The interests of the private sector are not always aligned with the public interest, particularly when it comes to spending capital on upgrading network infrastructure. The report recommends that governments step in and build a public fiber highway system on which all providers can offer services.

“A National Broadband Network (NBN) should be based upon an open network as this makes it possible to offer the basic infrastructure on a utility basis to content and service providers,” the report concludes.

The governments of Australia, New Zealand, Israel, and others are already moving in that direction, setting up broadband authorities to build fiber infrastructure dismissed as too expensive or unnecessary by commercial providers who answer first to financial markets, shareholders, and private banks.

Under most NBN plans, providers get access to the fiber network at wholesale rates and help recoup its cost.

Australia's National Broadband Network is on the way.

Australia’s National Broadband Network is on the way.

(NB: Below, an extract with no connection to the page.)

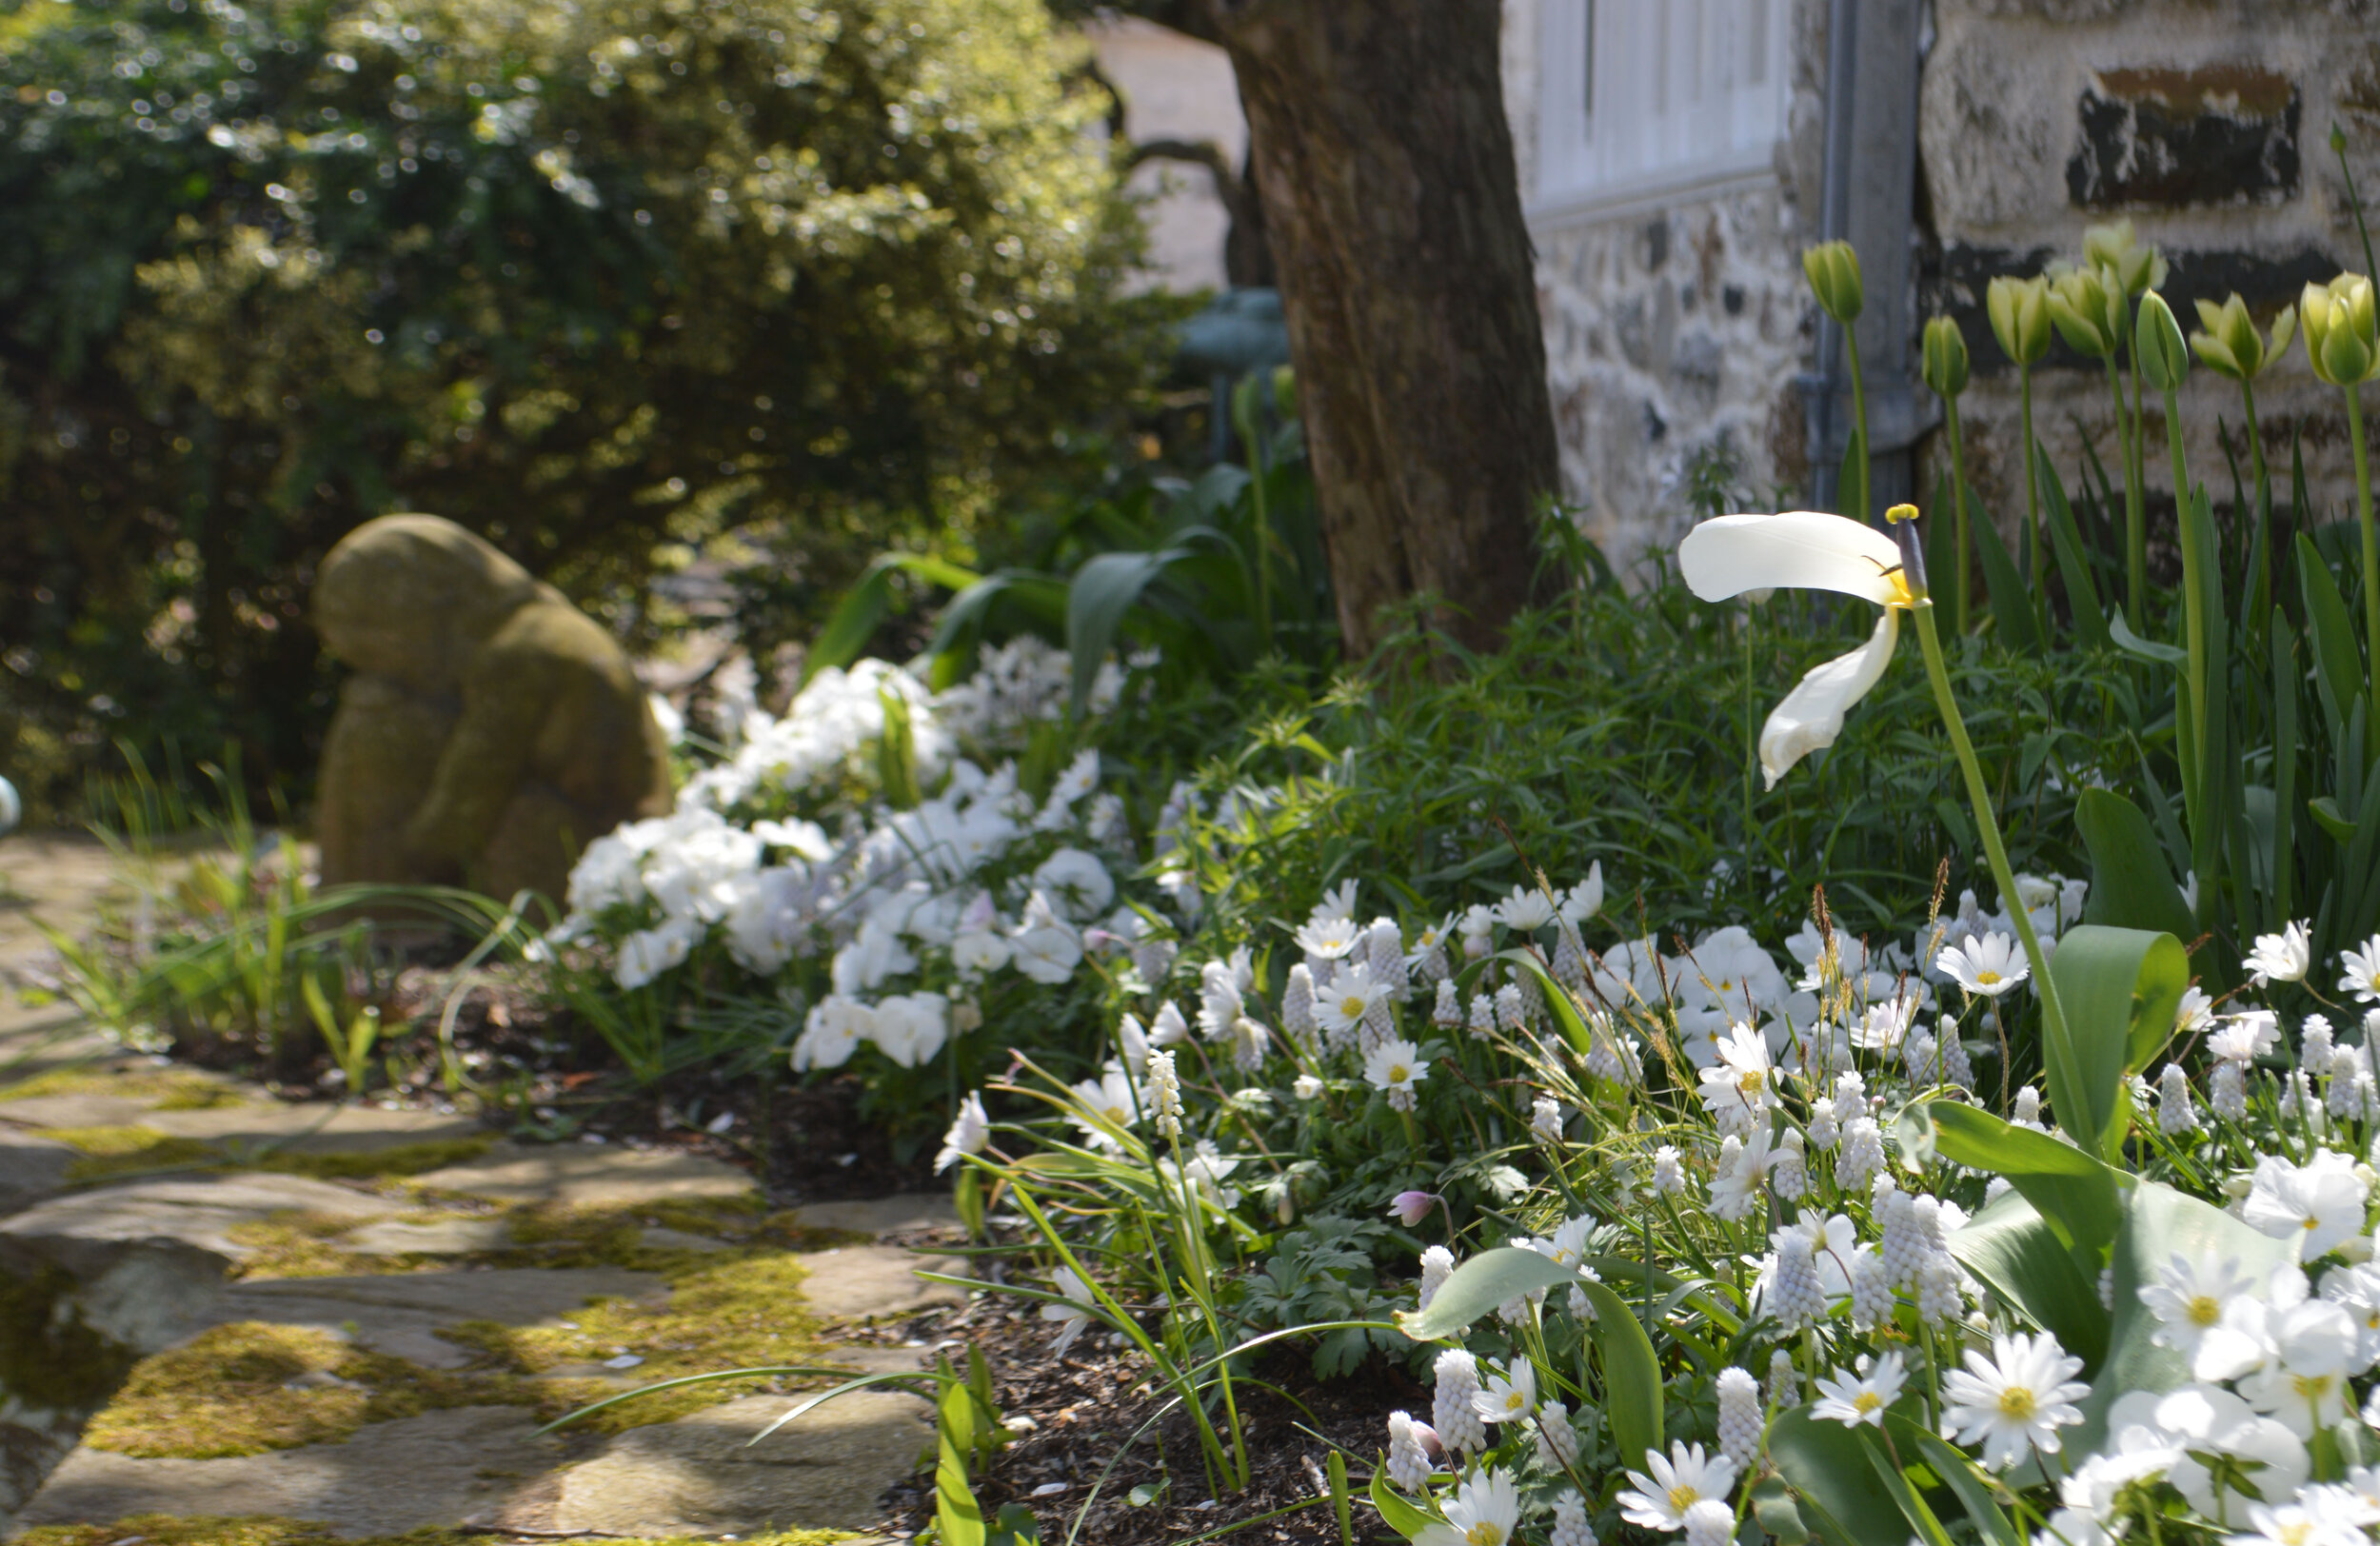  Anemone blanda 'White Splendor', Muscari 'Siberian Tiger', Tulip Spring Green, and Matrix white pansies brighten the shadows of the White Garden.   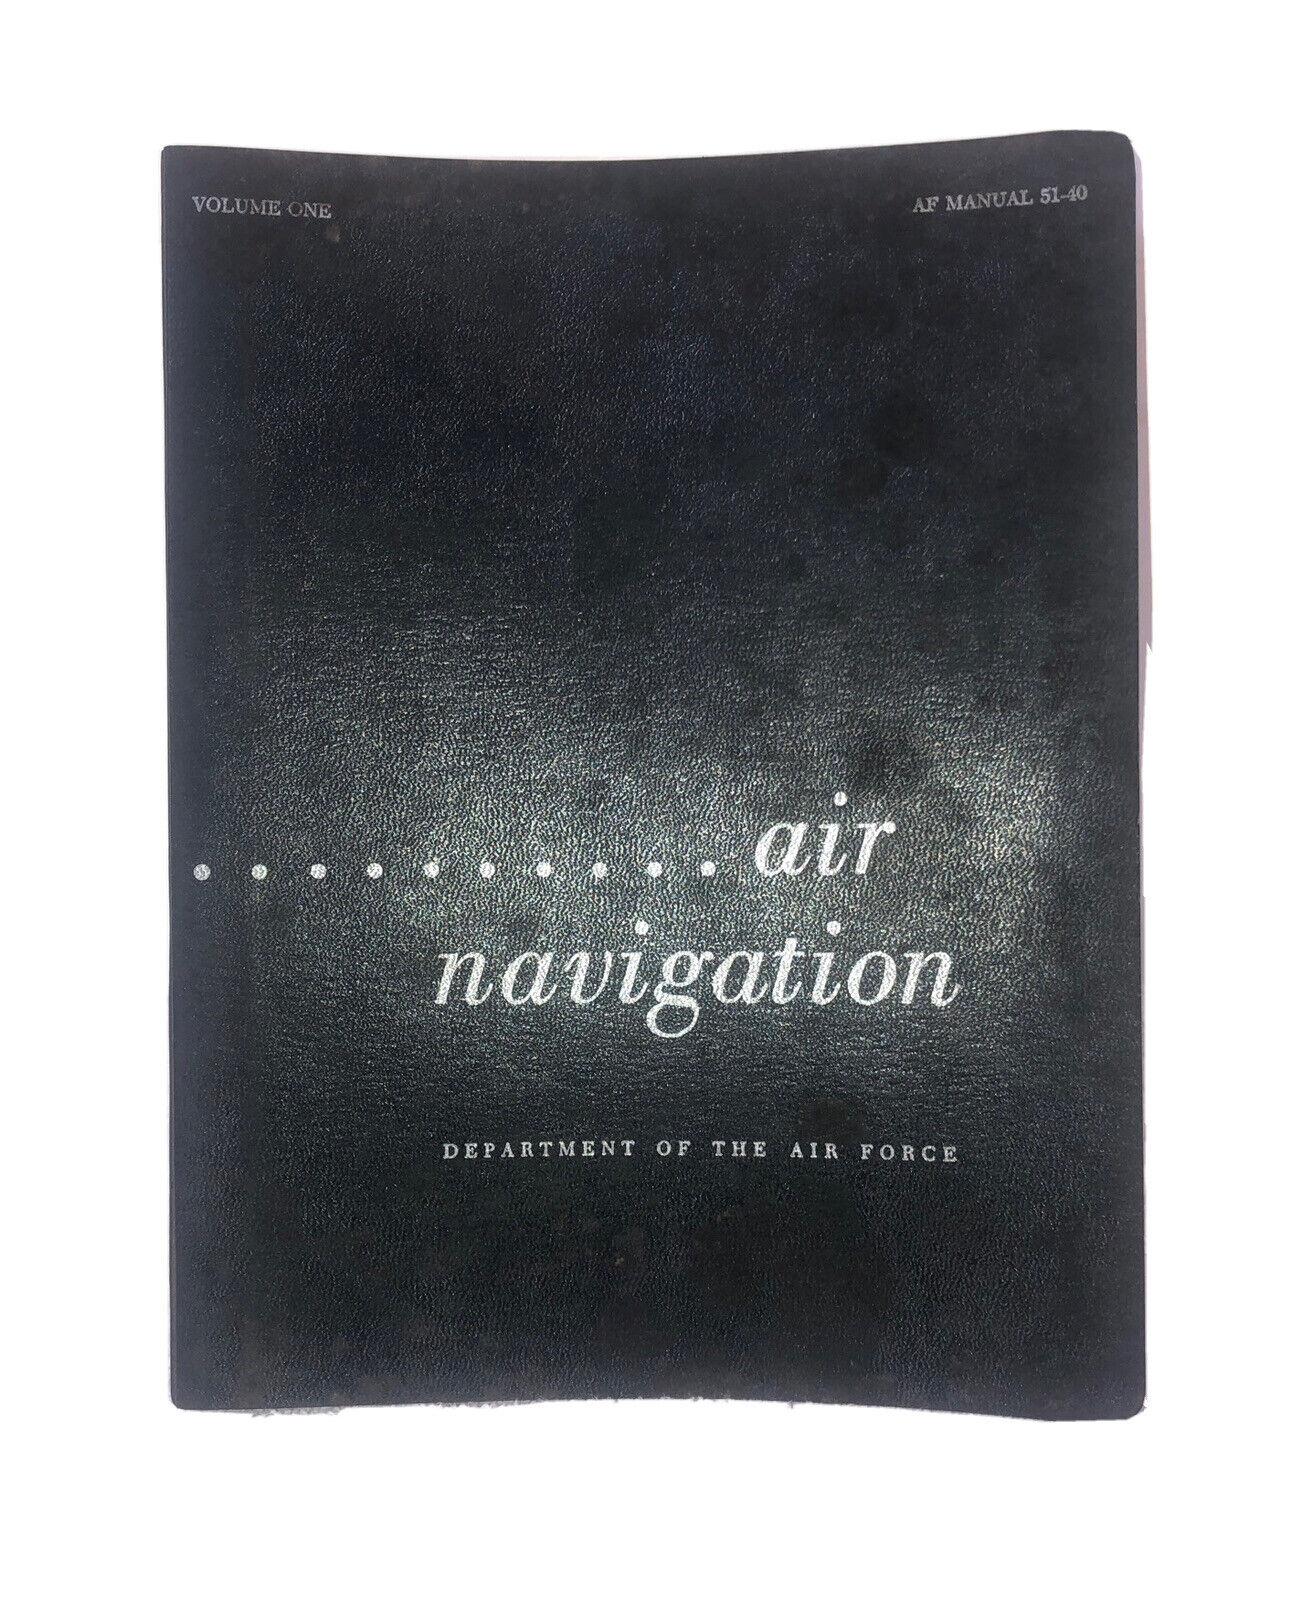 Vintage 1954 U.S.A. Department of the Air Force Air Navigational Manual Original

Where politicians answer to the whims of the private sector before considering the public good, the report finds:

  • Private cable companies, particularly in North America, will continue to support and incrementally upgrade their HFC networks, but new cable operators are more likely to deploy fiber at the outset, not coaxial copper cable. Network costs, efficiencies, and reliability are all in fiber’s favor. In Europe, cable broadband is regularly losing market share to faster fiber technology. The share of all broadband subscribers held by HFC networks across Europe fell from 26% in 2002 to about 11% by mid-2013;
  • Private telephone companies that do not face robust competition will continue to rely on their existing DSL networks. In cities and larger towns, expect phone companies to eventually upgrade to VDSL fiber-to-the-neighborhood (and its variants) in the largest markets with the most competition. Rural areas will continue to receive less robust DSL service, particularly where no cable competitor provides service;
  • Rural areas may receive fixed wireless or satellite broadband service, but this is not a solution for more populated areas.

Although the global economic downturn stalled many fiber network deployments and suppressed demand, the report finds broadband usage and demand for faster speeds are quickly accelerating. Some other highlights:

  • Asia continues to be the leader in fiber optic deployment;
  • Sufficient customer demand to make the investment in fiber worthwhile is increasingly likely once fiber service becomes widely available in countries like the Netherlands, China, France, Israel, Switzerland, Norway and Sweden;
  • International connectivity in Africa remains a challenge, but fiber bandwidth is expected to more than double by 2014;
  • The Middle East will see rapid growth in fiber broadband once international capacity constraints are eased.

Obtaining a copy of the full BuddeComm report is prohibitively expensive for consumers, priced at $995.